Thursday, October 8, 2009
InMon's quota controller brings together many of the topics that have been discussed on this blog, clearly illustrating the role of network-wide visibility in achieving effective control of the network.
The diagram shows the basic elements: a centralized sFlow analyzer receives sFlow data from every switch in the network, producing a real-time, network-wide view of traffic and accurately tracking the network topology. A centralized controller enforces management policies by automatically applying configuration settings to the edge switches in order to control traffic. For more information, see Controlling Traffic for a detailed description of InMon's controller and its application to peer-to-peer (P2P) traffic control.
Generally, this level of control is only possible because of the timely and complete picture of the network state that sFlow monitoring provides. In control engineering terms, sFlow makes the network observable; an essential prerequisite for control.

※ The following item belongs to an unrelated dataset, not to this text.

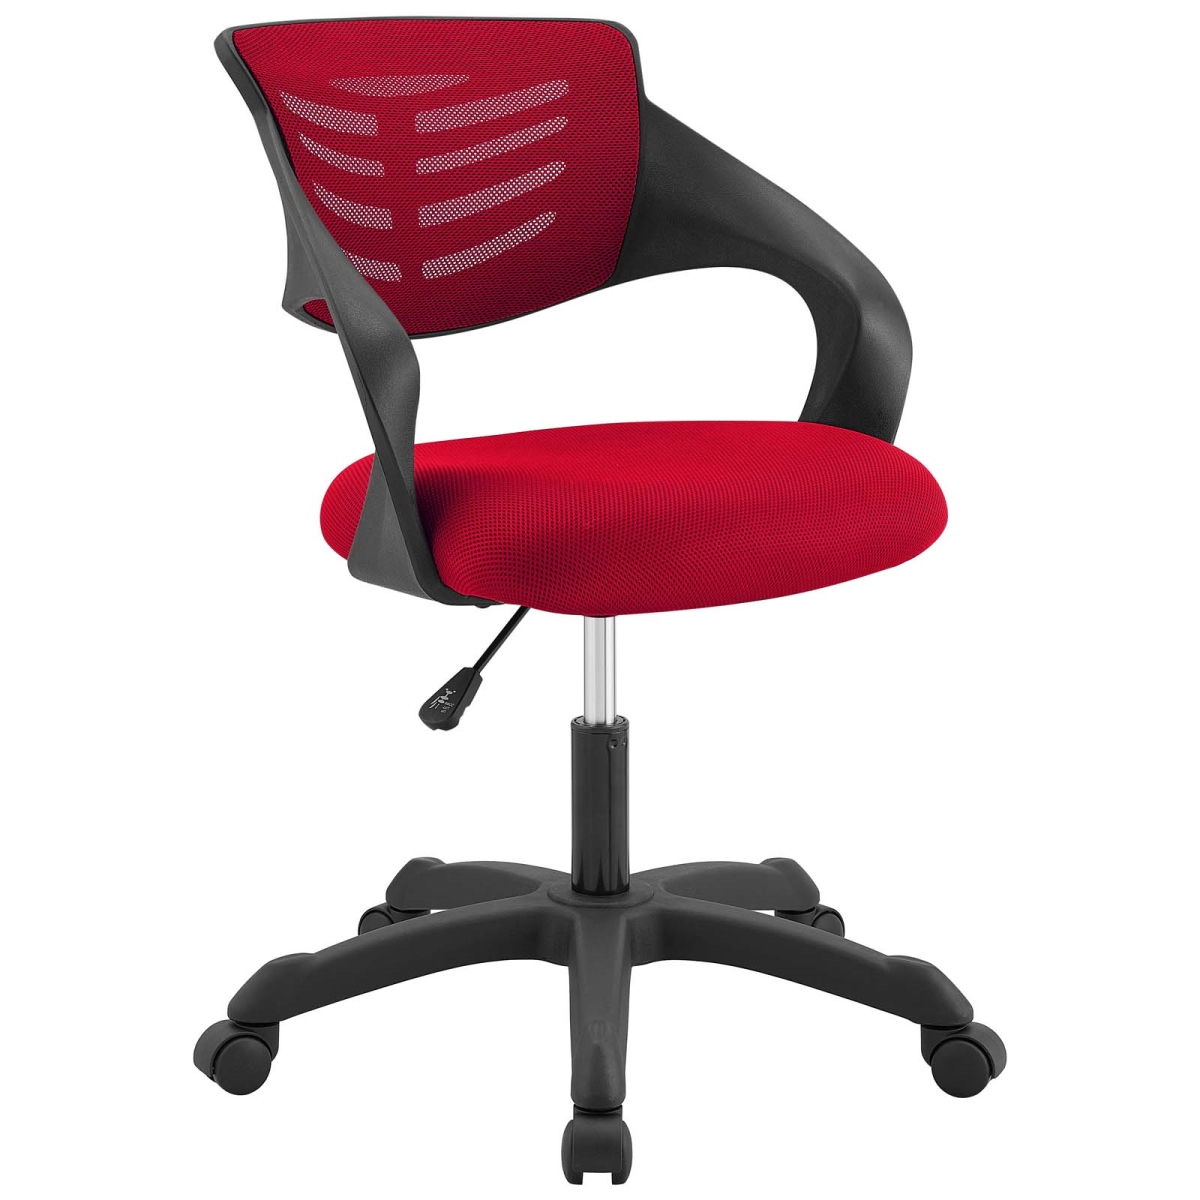 Eei-3041-red Thrive Mesh Office Chair - Red, 31.5 - 36 X 24.5 X 25 In.

An accurate picture of the network state allows controls to be targeted where they will be most effective and have the least impact on other traffic; the edge of the network. The alternative, measurement and control at the network core, achieved at the core switches and routers, or by channeling traffic through shared control points (e.g. firewalls, traffic shapers, etc.), can result in serious performance problems as busy core devices become overloaded by additional measurement and control tasks. In addition, control at the core is ineffective if the traffic doesn't cross the core. On the other hand, all traffic crosses the edge and control at the edge is scalable since the number of edge devices grows with the network, providing additional measurement (sFlow) and control capacity as the network grows.

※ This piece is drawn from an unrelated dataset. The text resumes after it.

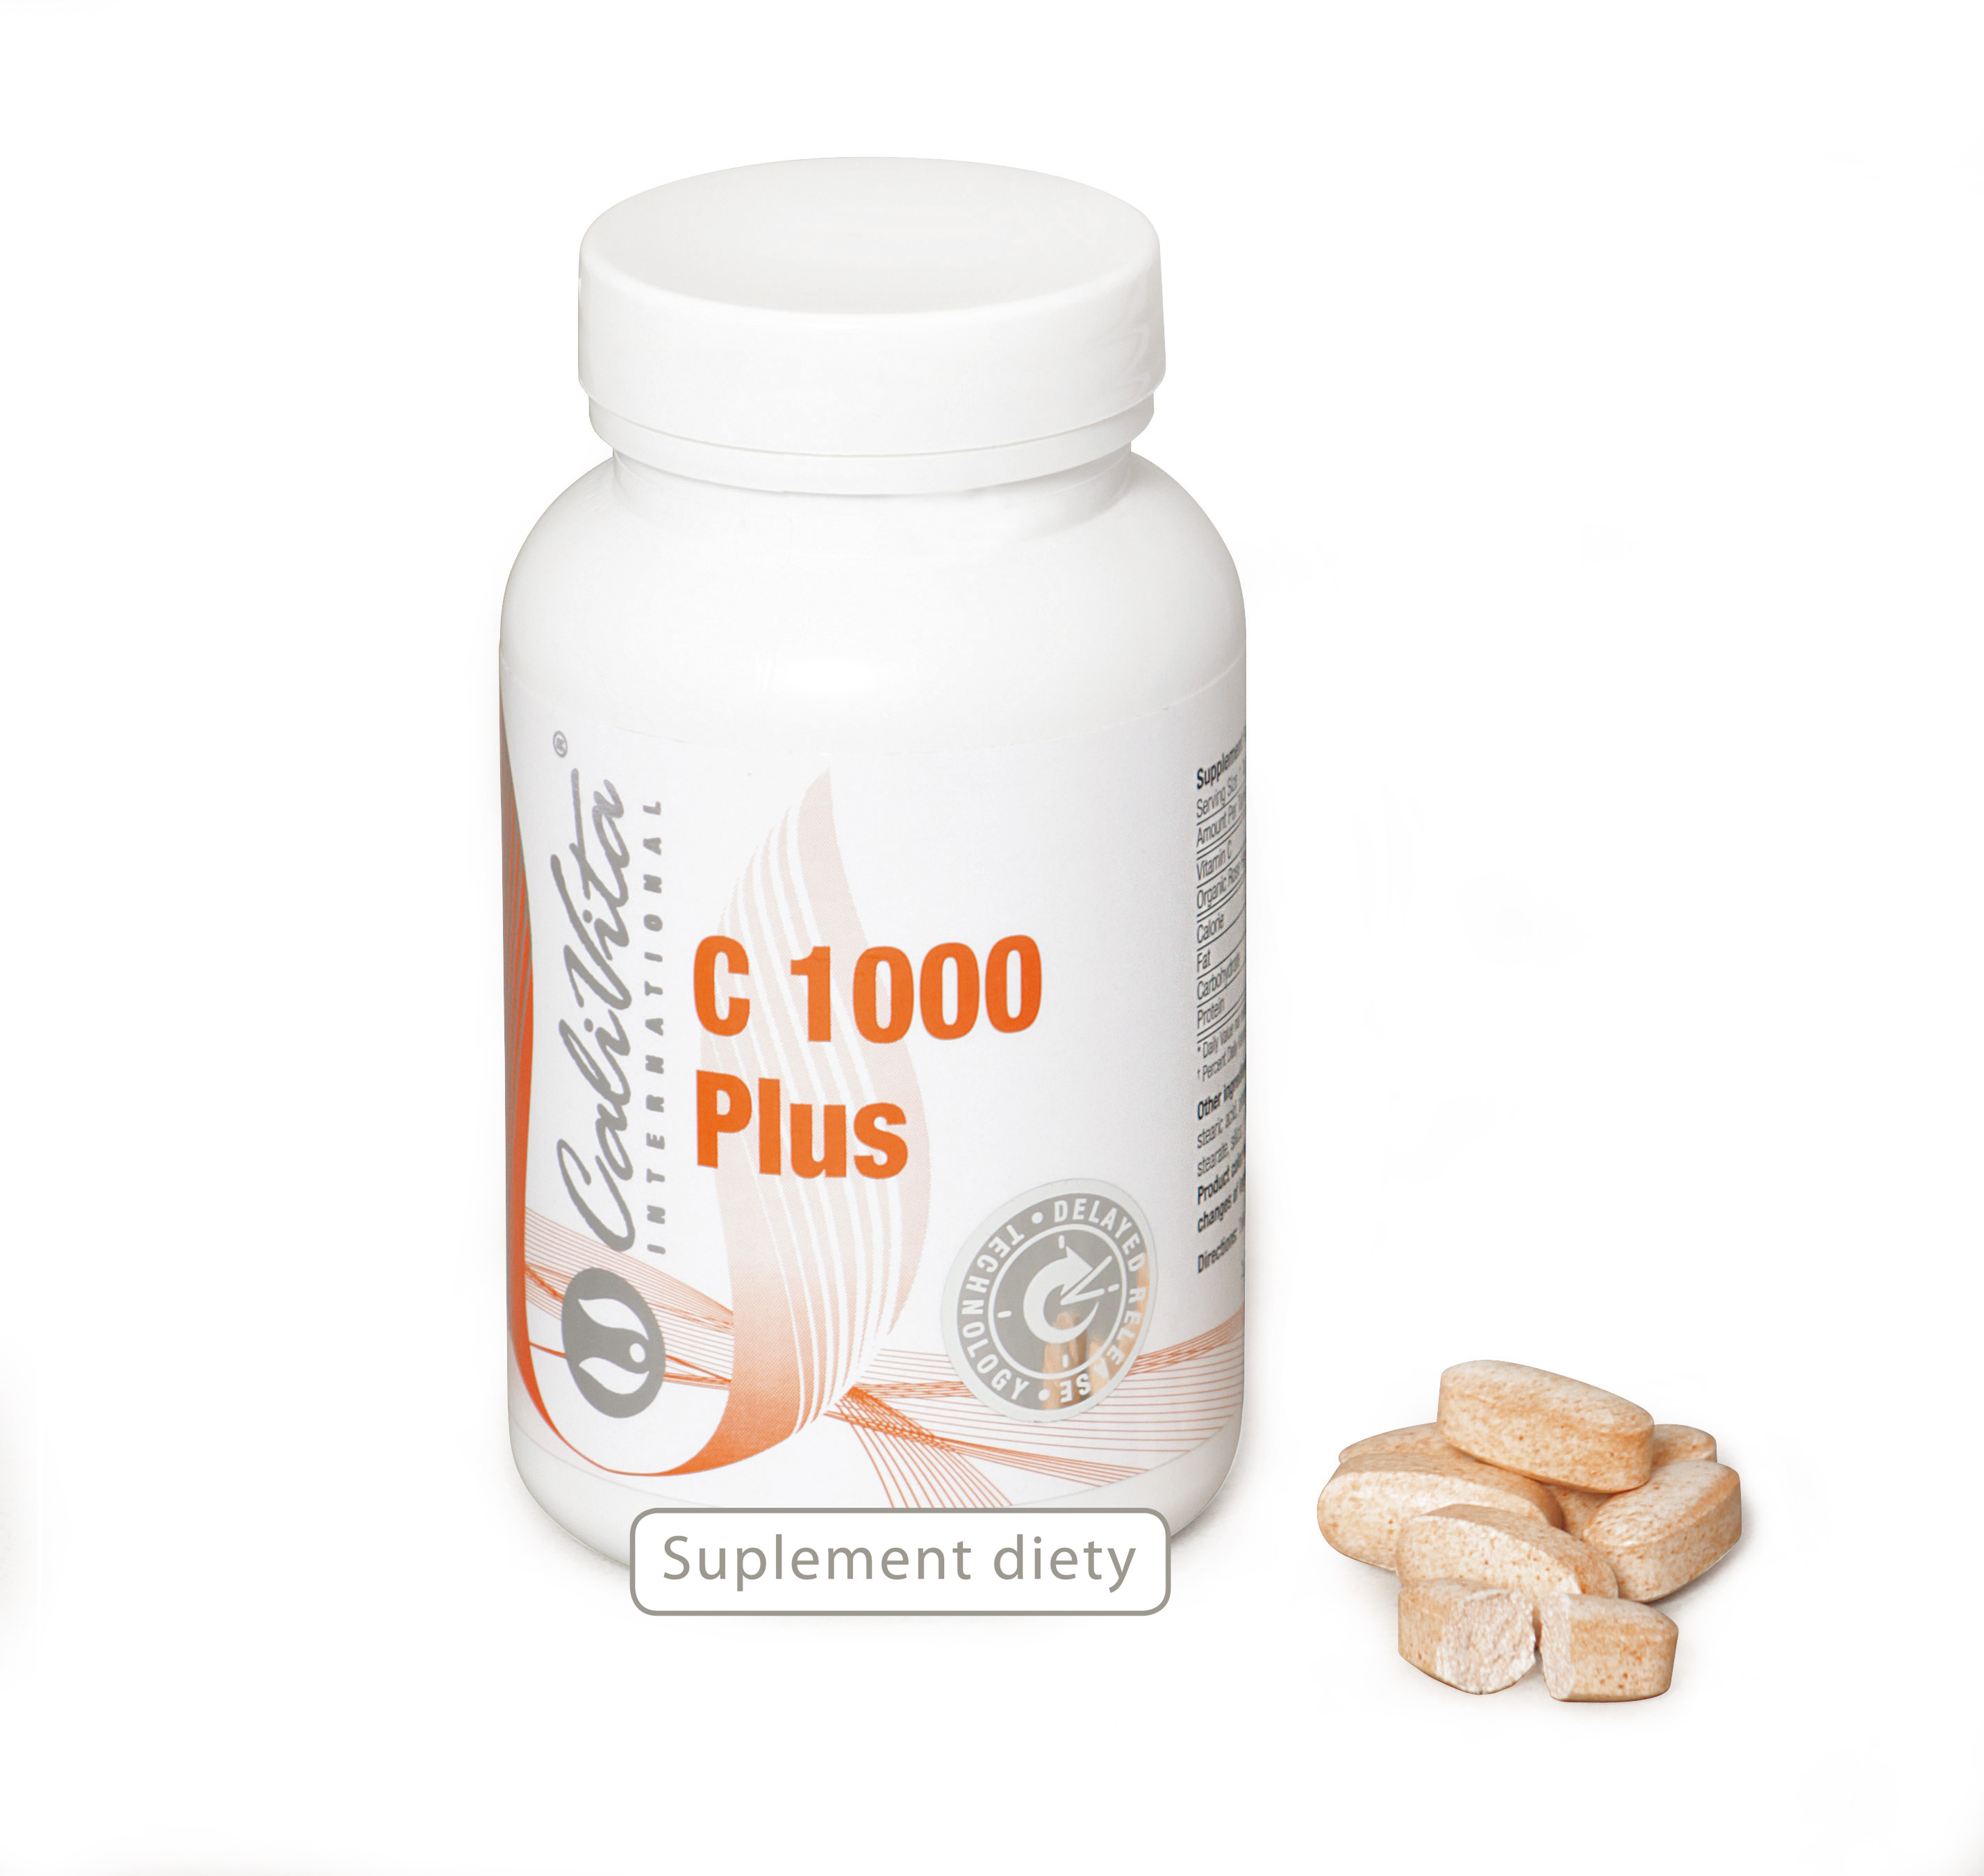 C 1000 - check our special offer for C 1000 Plus Pharmacy Poznan -

Interestingly, the centralized visibility into switched traffic that sFlow provides is being paralleled by a move toward centralized control of switches (see OpenFlow). The combination of centralized visibility and centralized control of network traffic paths has the potential to revolutionize data center networking, delivering the performance, scalability and control needed to build large, converged data centers.

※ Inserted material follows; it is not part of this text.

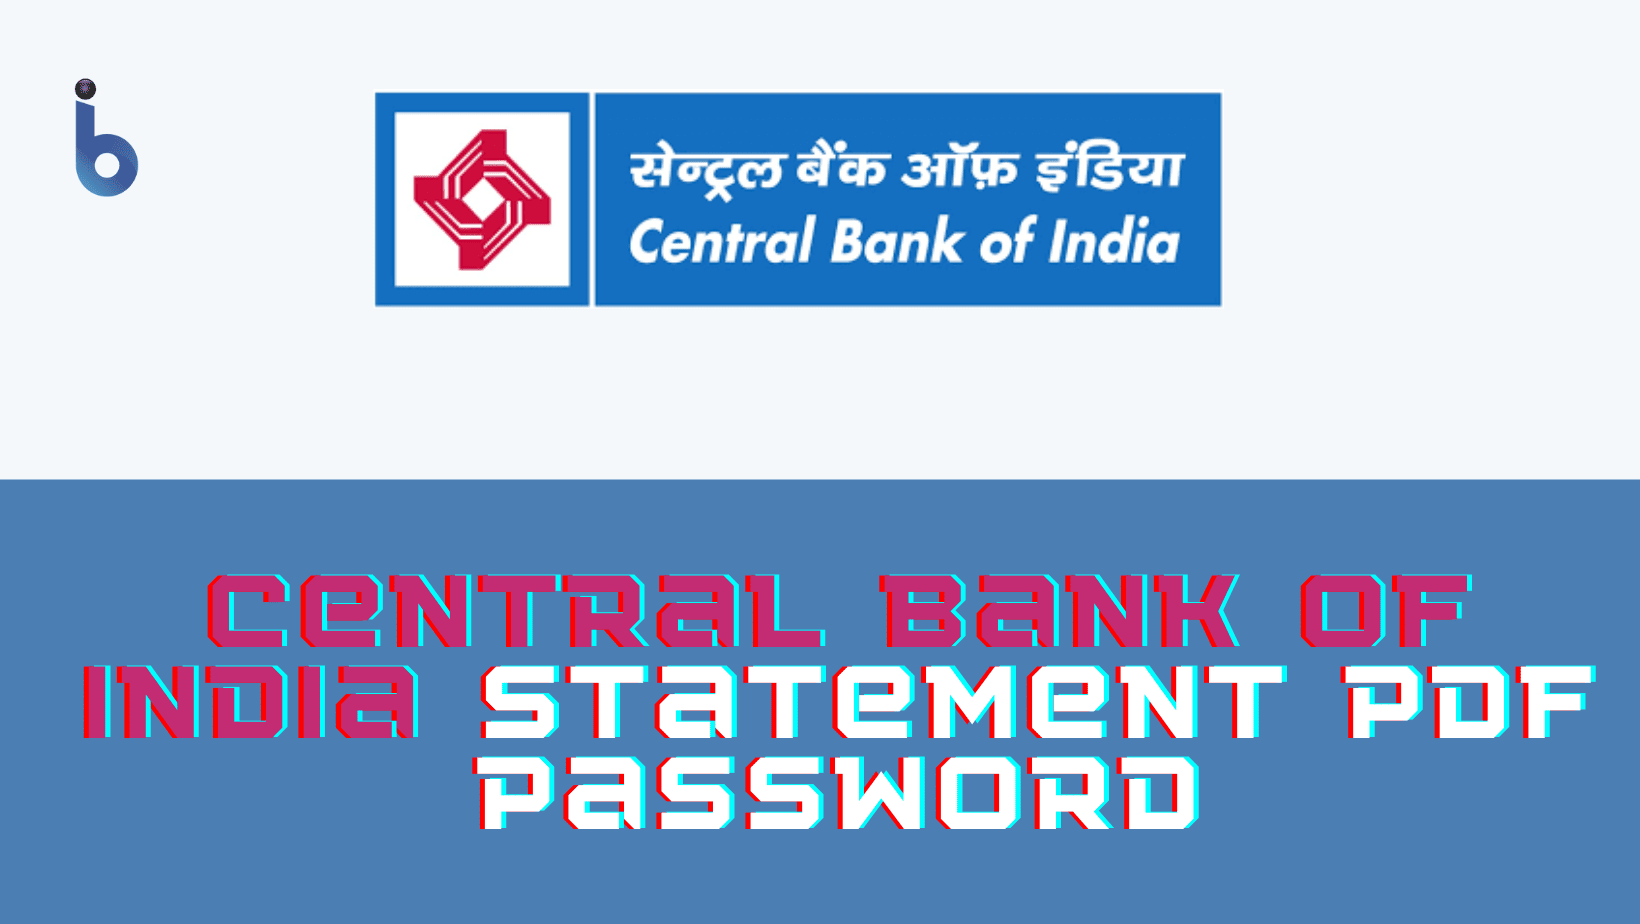 Central Bank of India Statement PDF Password

In order to achieve visibility and control in the data center, it is essential to ensure that the edge is fully observable and controllable. Data center convergence is shifting the network edge to include components of blade servers and virtual servers. Finally, the Open vSwitch project is interesting because it will offer visibility (sFlow) and control (OpenFlow) at the edge of the virtualized data center (currently including support for Xen/XenServer, KVM, and VirtualBox).